Coleção Cadernos de Desenho: a intimidade artística revelada no traço

Por Victor Shimabukuro Pastor

Quando se conversa sobre o fazer arte, é comum chegar a uma discussão sobre processos criativos. Pensando na escrita, se debate sobre planejar ou não a narrativa, utilizar ou não clichês, adicionar ou não floreios na prosa, como desenvolver ideias, criar personagens… E mesmo após rodadas e rodadas de debates, a conclusão é sempre a mesma: o processo é individual. Dificilmente se ensina como se dá esse fazer, o ensinável está nas ferramentas que colaboram para seu processo. Isso não quer dizer, contudo, que não se possa analisá-los e estudá-los, nem que sejam irrelevantes para o campo ou para o estudioso e o interessado no assunto – existe algo na experiência individual que cativa e ilumina –, pois é a partir desses processos que se desenvolve o estilo e as temáticas mais íntimas de um artista. 

Escolho a palavra “artista”, e não “escritor”, por um motivo muito simples: esse processo não está limitado às letras – vale adicionar que estas também não são os melhores exemplos desses processos. Trata-se de algo generalizado, que tem como ápice as artes visuais.  

As esculturas de mármore, as pinturas a óleo e as gravuras em metal não passam de um produto final, resultado de uma infinidade de etapas e filtros. Esboços, experimentações a lápis e rabiscos – todas essas fases do intenso processo criativo podem ser simbolizadas por um objeto de especial importância: o caderno de desenho. No âmago desse processo, o caderno se mostra um elemento singular, reservando em suas páginas um espaço de criação único, privado dos olhos alheios. Quase como um jardim secreto, suas folhas abrem possibilidades que dificilmente se encontram em outros meios.

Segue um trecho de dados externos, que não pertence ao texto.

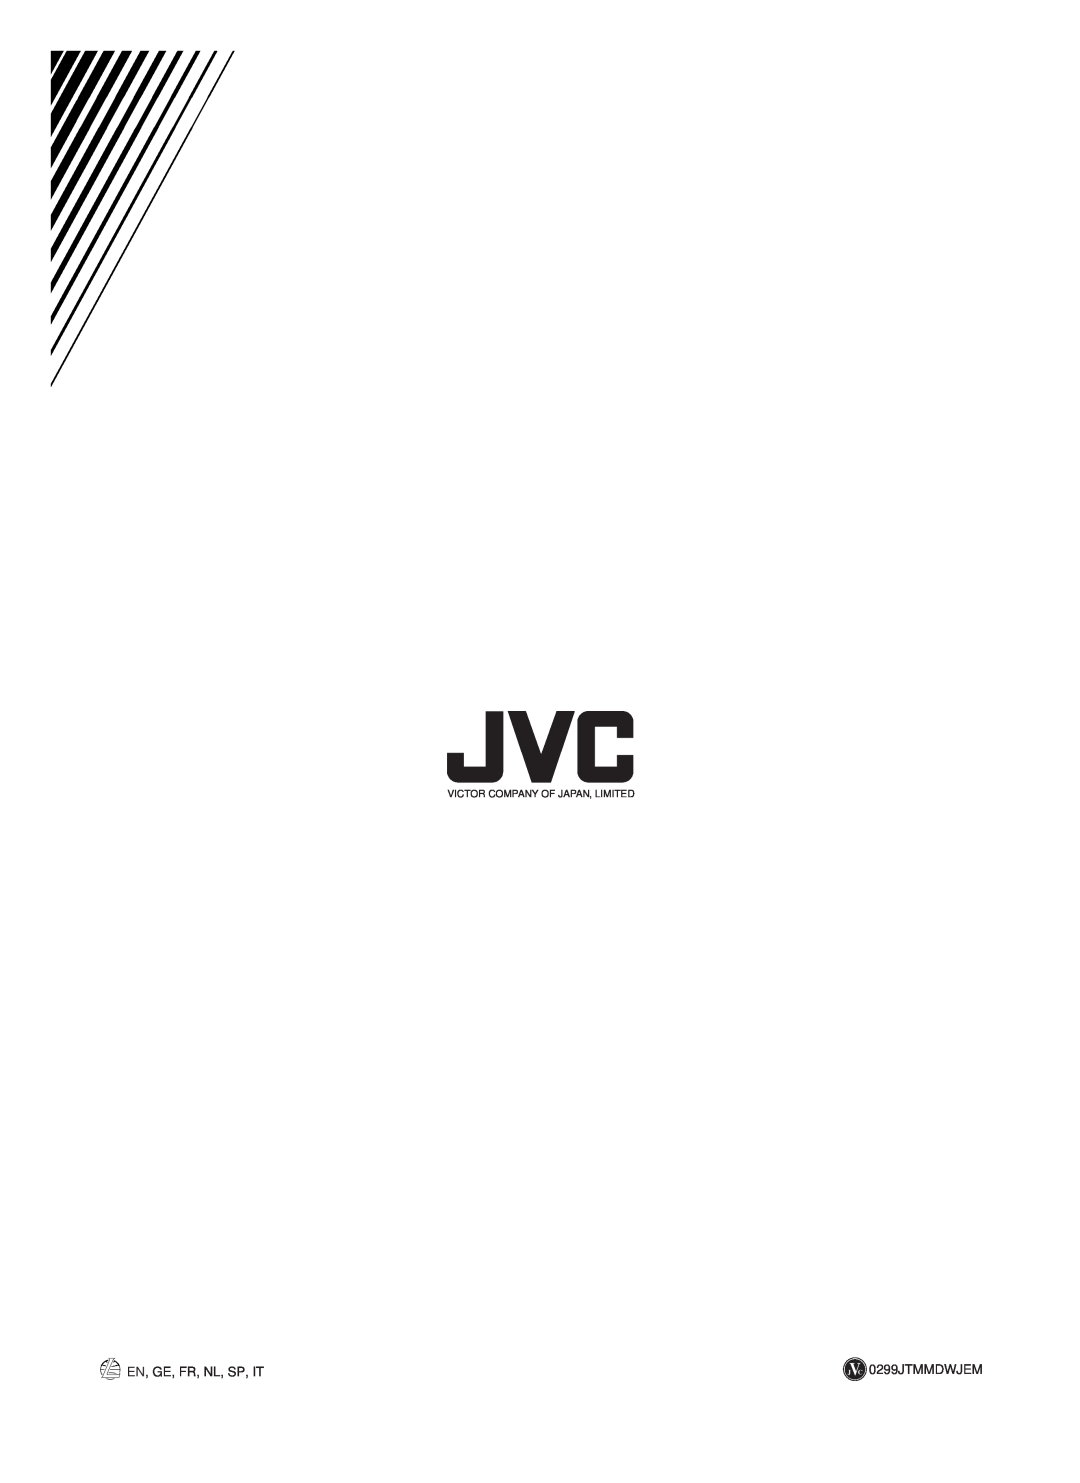 JVC RX-668RBK manual En, Ge, Fr, Nl, Sp, It, J C 0299JTMMDWJEM, Victor Company Of Japan, Limited 
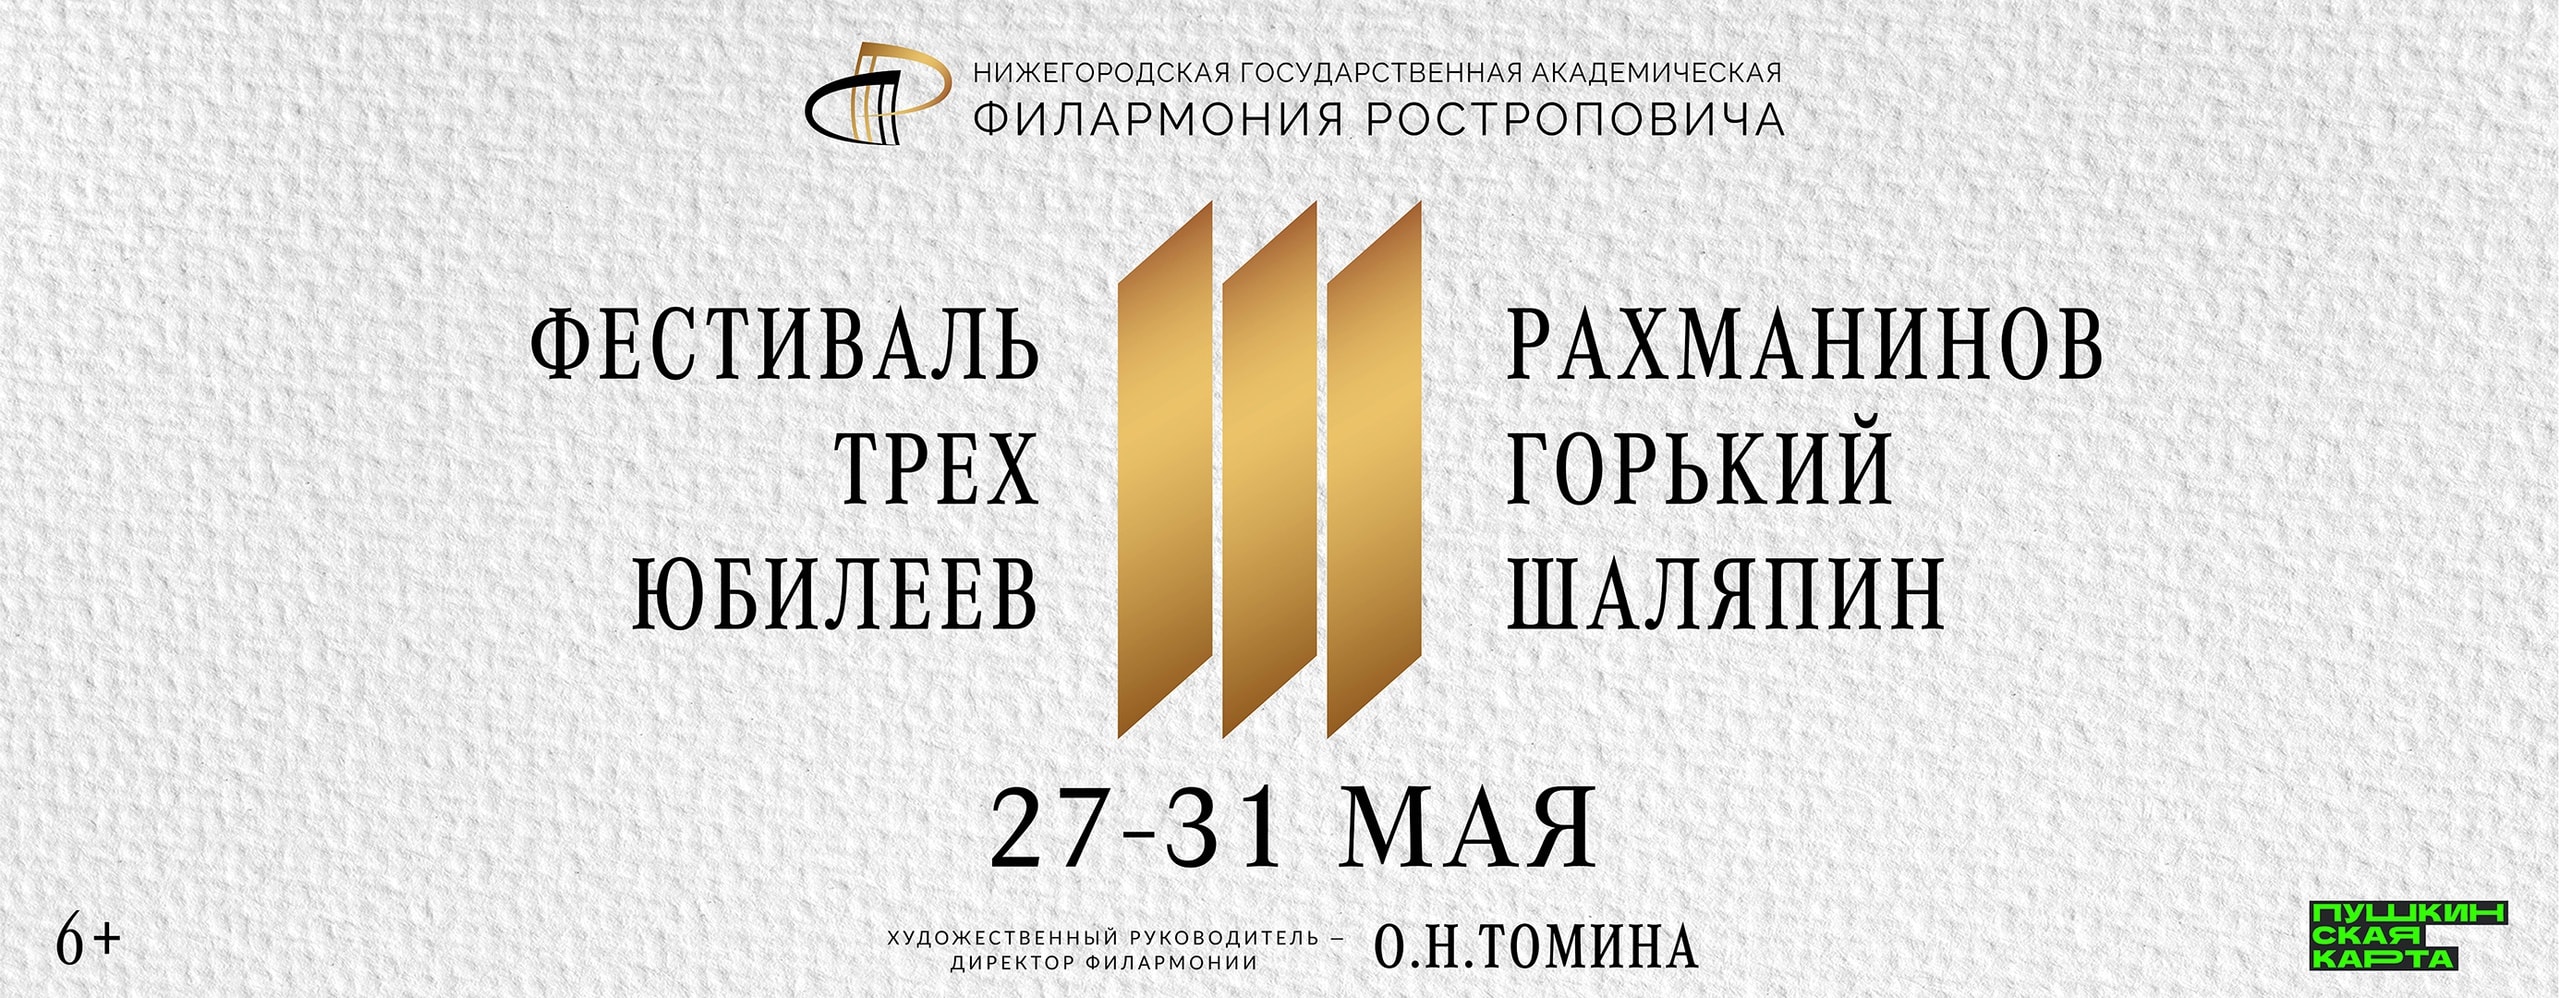 Фестиваль трех юбилеев пройдет в Нижегородской филармонии

Excepcional em (e por) sua função dentro do processo criativo da arte visual, o caderno de desenho pode ser considerado o epítome desse espaço secreto. Diferentemente das artes vinculadas às letras – cuja gênese costuma nascer da introspecção –, no desenho tudo se desenvolve no rabiscar do papel, nos testes e experimentos incessantes. A origem da arte visual reside, portanto, no caderno de desenho. Como afirma Luise Weiss na abertura do caderno de Renina Katz (Editora da Unicamp, 2010):

Os diários de artistas marcam caminhos, trajetórias de pesquisas, desenhos, anotações gráficas e reflexões. O interesse especial que despertam é exatamente esta questão: os diários de artistas muitas vezes revelam os projetos no momento do surgimento, ideias iniciais ou simplesmente desenhos que podem dar origem a outros. Ou seja, os diários evocam nascentes de rios, o fluir de projetos e pensamentos através de desenhos e textos.

É nesse contexto que a Editora da Unicamp convida você a conhecer a Coleção Cadernos de Desenho e adentrar um campo de intimidades raramente observado.

Tendo em vista que é por meio desses desenhos, anotações e rabiscos que os artistas registram a essência de seu pensamento visual e constroem o desenvolvimento de suas obras, a Coleção nasce da proposta de revelar o que normalmente permanece oculto, trancafiado, nas páginas de seus cadernos de bolso ou guardado em seus ateliês. Ao tornar acessíveis esses registros iniciais, oferece ao público uma perspectiva inédita sobre os processos criativos de artistas já consagrados.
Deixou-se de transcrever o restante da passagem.